The world doesn't revolve around ERC leadership.

To think it does is sin.

We must repent.

Thursday, September 21, 2017

Has ERC Leadership "Lost the Locker Room?"

It's an expression that comes from sports.

It describes a situation in which the coach of a team has lost the capacity to lead a team because his leadership has been rejected by the players.

The players will still take the field. They'll run the plays or, at least, play the positions the coach puts them in but do it without conviction or serious effort, orexpectation of victory.

Sometimes the players will grumble openly about the coach and his methods. Sometimes they'll complain quietly among themselves.
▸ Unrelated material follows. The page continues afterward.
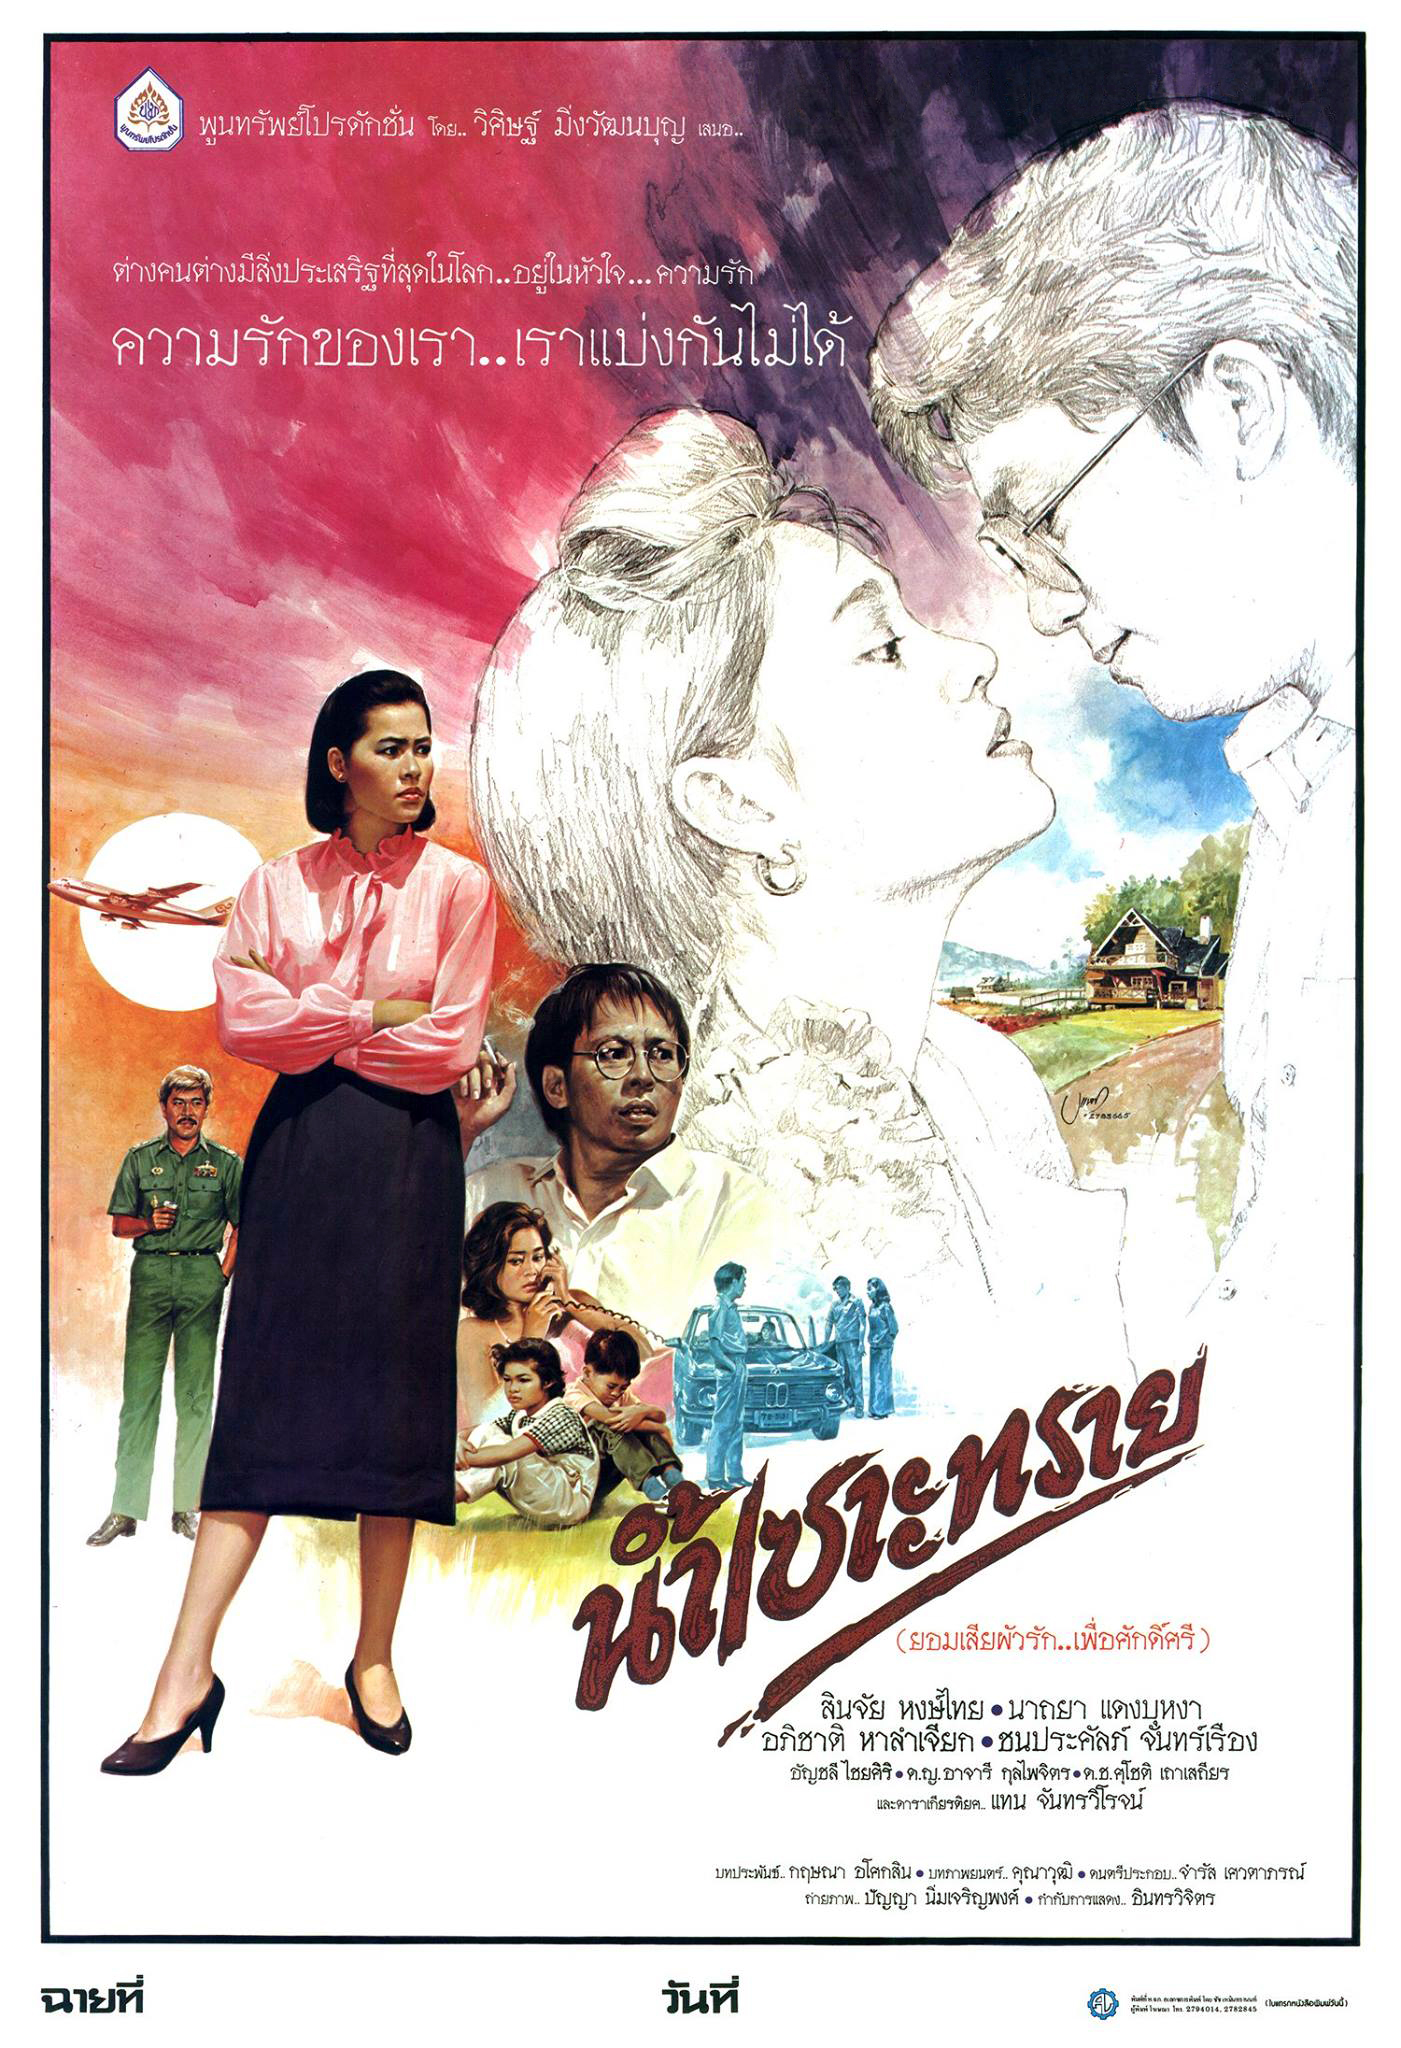 ดูหนังออนไลน์ฟรี Nam Sao Sai (1986) น้ำเซาะทราย (2529)

Other times, there will be increasing apathy as the entire team, from the players on up to the coaching staff, experience loss after loss.

I think that the expression "lost the locker room" has described the ERC for some time.

For how long? From sometime before the 2015 old new Strategic Plan was launched with enthusiasm by ERC leaders (the coaching staff), and unanimously approved by the team, i.e., the Conference in session...

...only to immediately become mere words on a page.

The scant reporting I've received from the Town Hall meetings designed to gin up support, enthusiasm and participation in 2017 new New Strategic Plan suggests that the meetings have been bland and, compared to the meetings to promote the first Strategic Plan, back in Ed's day, poorly attended.

It seems to me that the ERC is on pace to repeat its long history of talking as if the talk is the walk.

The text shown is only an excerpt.